A co-worker of mine just came in the office and said that she had her baby on Saturday. Yeah, she was here, at work, looking all great like she hadn't had a baby. Granted, he was born 8-weeks early and is a healthy little bean...but, get this, she was here at work, like nothing had happened. Crazy I tell ya! Well, congrats to the new addition. Tyler Patrick.

And then the other good news, my SIL is engaged. She called us yesterday to say her boyfriend proposed on Saturday. It is weird though. They have known each other for 7 months and he is 38 yrs old where she is 26 (so 12 years apart). He has never been married, doesn't have any kids, is a really nice guy. But, it is weird. We are very happy for them, but there is always that "question" of why so soon and why the age difference and what is the real reason? I don't know...I wish I didn't have those questions running around in my head and that I was just happy...but I can't help but wonder. Weird...that is all I can say. But, again...we are very happy for them. And as long as they are happy and know in their hearts that it is the right direction, than who are we to ask all these questions.

OK, I am all over the place today. Up, down, all around. There are just so many lose ends I feel like going around and nothing is flowing. I feel jagged and rough and scattered and all over the place. Just wish I could focus on one thing, make that happen, then focus on the next. I also wish I could get a run in today, but that would mean having to run my errands after work rather than at lunch and therefore jeopardizing my time with Miss J. Ok, enough guilt talk...

4 comments:

Anonymous said...

I'm with you on the guilt thing... I don't think it will ever go away, we just need to figure out how to handle it. So when you do, please let me know, K :) Seriously though, it sucks. I think we should just hire a maid, and a landscaper and life would be much easier... I wish! I'm glad to hear date night went good. They are just too few and far between, aren't they?

Anonymous said...

I like your new layout. Very fall-ish!! And I know exactly how you feel with the lists and weekends and work and being bored and all that. I never have a busy day at work and everyday feels like it's wasted here when there is so much I need to do at home that would make me feel like a better mother and wife. Add the morning sickness and exhaustion to it - oh, and the hormones, and I am just feeling guilty and whiney and hungry (oh, sorry - that's not part of this, but I am hungry!) all the time.

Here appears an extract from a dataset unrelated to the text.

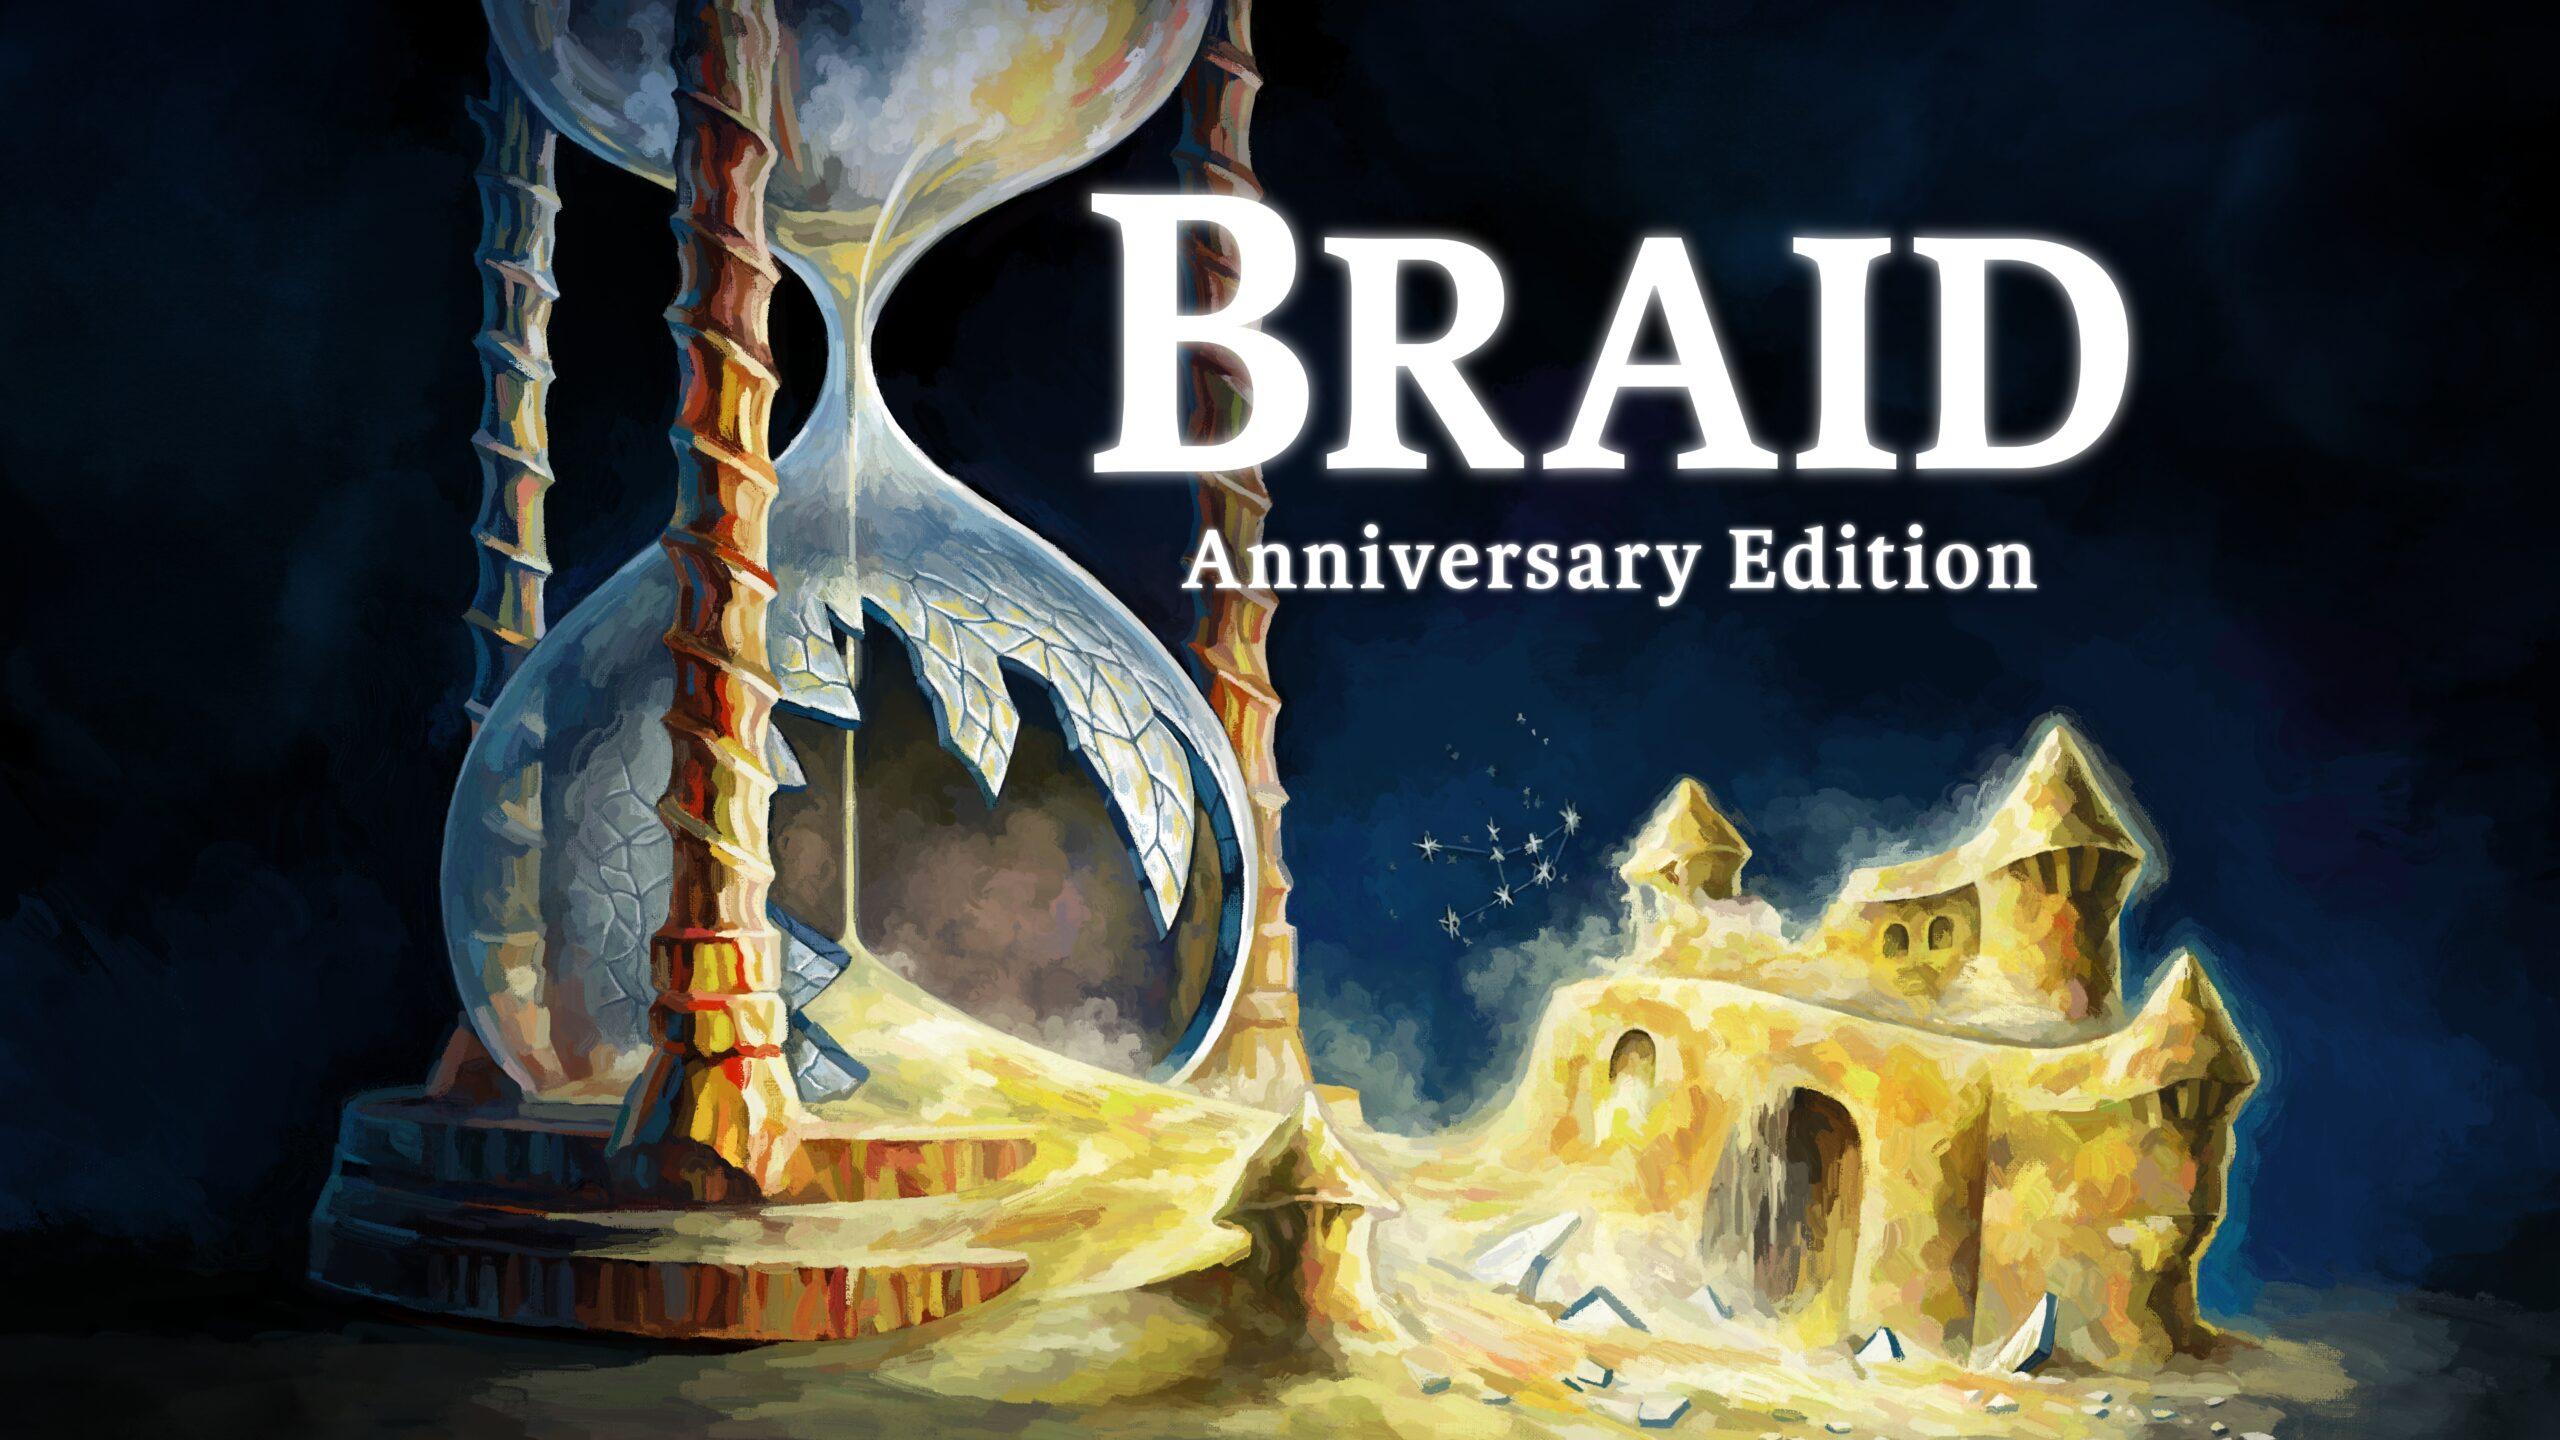 Braid-Anniversary-Edition_2020_08-06-20_008

I'll be praying for us both - and all the other moms/wives out there going through this too.

Tiffany said...

I totally agree there just isn't enough time to get everything done. I either have a productive weekend or an enjoyable one and then spend the rest of the week trying to get things done that we didn't do on the weekend. I can't imagine how much busier things are going to get once we have children!

Kristen Miller said...

Yeah...I'm struggling with the same feelings about weekends. I just CAN'T do it all. Then with Toby in school he can't do anything so it's all on me. Talk about stressful. Sunday I just dropped everything and hung out with Jackson all day long. It was so worthwhile! :) Much better than a day full of chores and errands. I just don't know how to balance it all...let me know if you figure out any tips.